The beauty of Glenfeshie is hardwon. Back in 2004 there was a deeply controversial (though entirely legal) mass culling of red deer. The billionaire landowner had a reforesting vision for the glen, impossible to achieve with such a dense proliferation of ruminants. I think back to a conversation I had yesterday with a wolfkeeper at the Highland Wildlife Park. Andy couldn`t ever see wolves being re-introduced into the Cairngorms National Park or anywhere else in the UK. In his view there are just too many people. In a scenario such as Glenfeshie however, they would keep a deer population in check and help naturally regenerate the land. But these wolves would breed, and the youngsters would seek new territories of their own. And they would breed and expand into areas with ever denser human populations. And ultimately the wolves would be persecuted. Too many people in this land. Too many deep seated pathological fears of wolf-kind, in our culture, in our herd memory.
Just today, on the way across from Newtonmore, I stopped off at Ruthven Barracks.
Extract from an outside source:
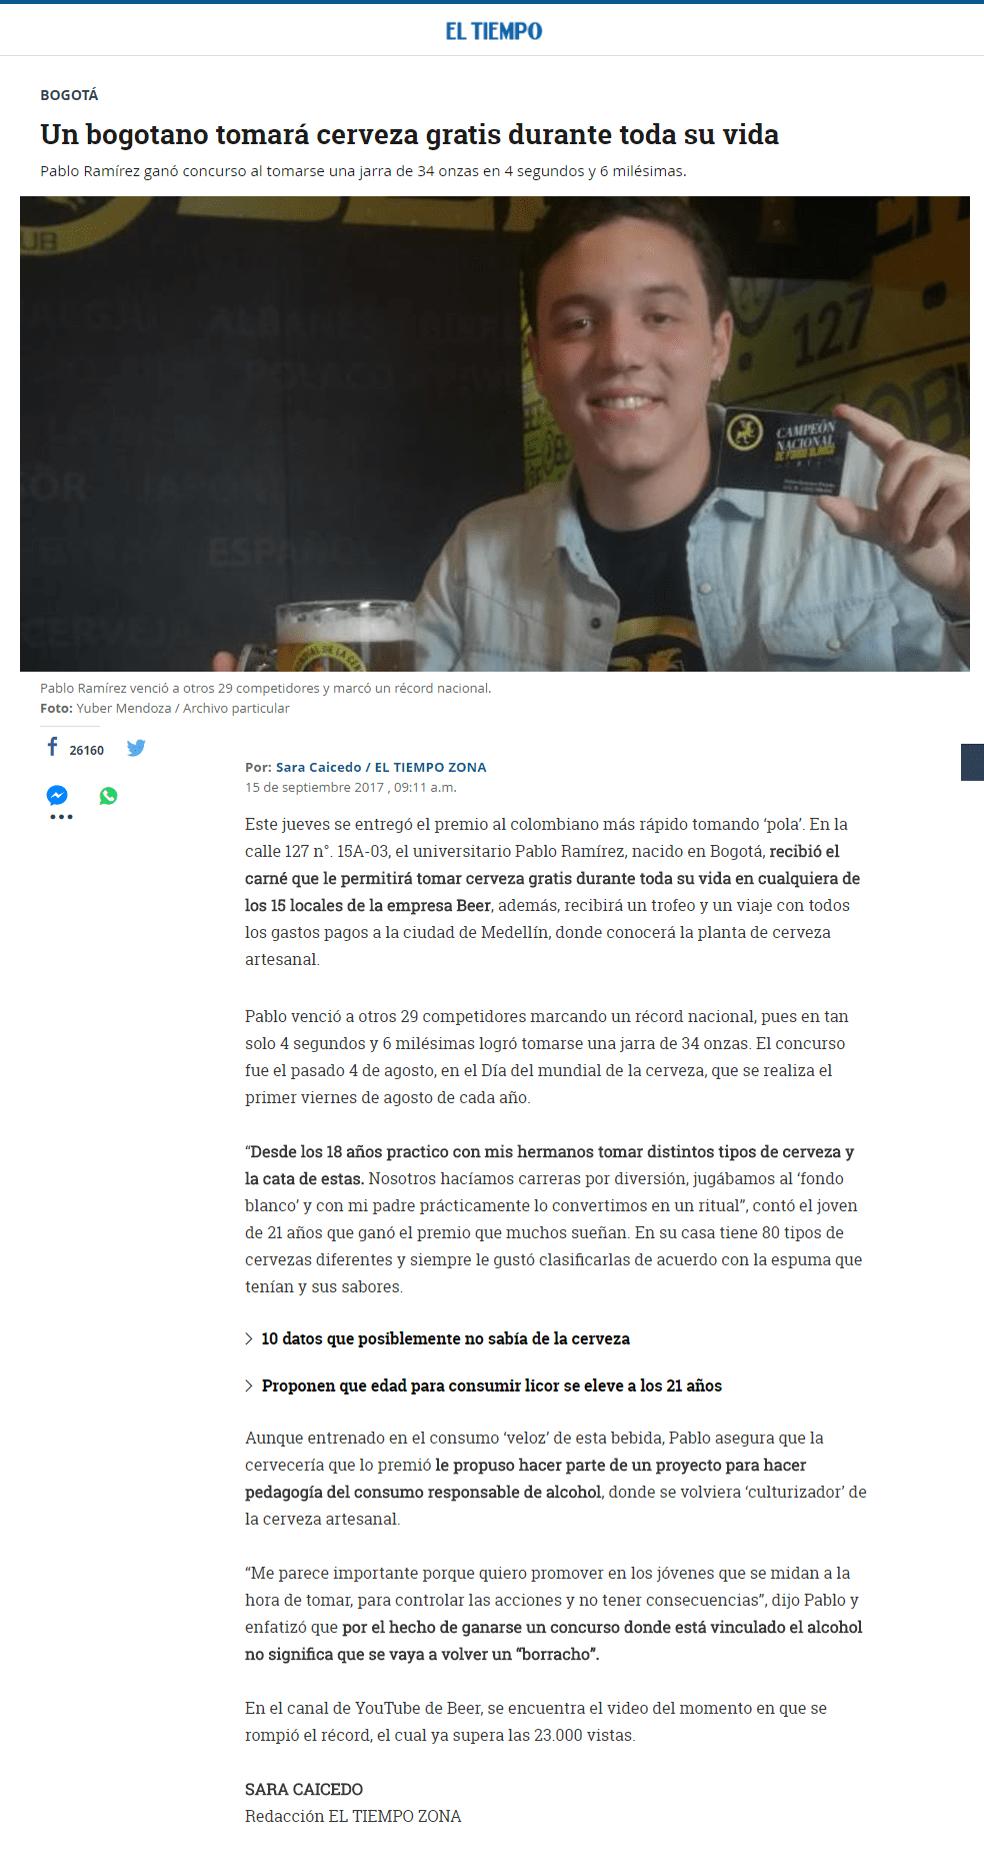 Un bogotano tomará cerveza gratis durante toda su vida

Stark witness to Highland supression at the time of the Jacobite rebellions. There on an information board was the following:
"The Wolf of Badenoch: Because of his wild raiding and plundering Alexander Stewart, Earl of Buchan .... was known as the Wolf of Badenoch. One of his most notorious feuds was with the Bishop of Moray, who eventually engineered his excommunication from the church. According to legend, news of this reached the "Wolf" ... he promptly set out to avenge the insult and burnt down the town of Elgin."
Could I see myself camping here while a pack of wolves roamed the forests and hillsides ? I believe so, as there would be deer to hunt and to eat, and wolves are very, very shy of humankind. But ... there are too many of us. And the lives we lead, and attitudes we hold fill the frequencies with overwhelming bass rumbles and shrill trebles, and don`t allow enough space for quieter, more nuanced voices to be heard. Or listened to. Acted upon.
I searched for a camping place. Stepping through a profusion of ripe blaeberries, in a long strip of woodland skirting the river, I found a beautiful pitch some feet above the sandy Feshie bank. I planned to have porridge and softfruit for breakfast, or supper. But then I saw square clods of grass turf pitched down the bankside, blackened logs floating amongst the flotsam, a charred gape in the ground serving as firepit to some idiot clattycampers. Their firewall boulders kicked casually over the bank`s edge. No sign of the folk. No effort whatever to undo and make good their damage. I felt angry. Scrabbled around for 40 minutes or so fishing out the wood, replacing the turf, chucking the smooth sooty stones back into the water. Going back to the bike, I realised a trail leads from campsite to convenient car layby. I wasn`t going to spend the night here.
Further down river I found a pitch on the sand. Weighed down tent pegs with water rocks, spent the warm evening glow exploring, taking photographs. Looking forward to a whole day in this incredible place. I felt I had finally arrived.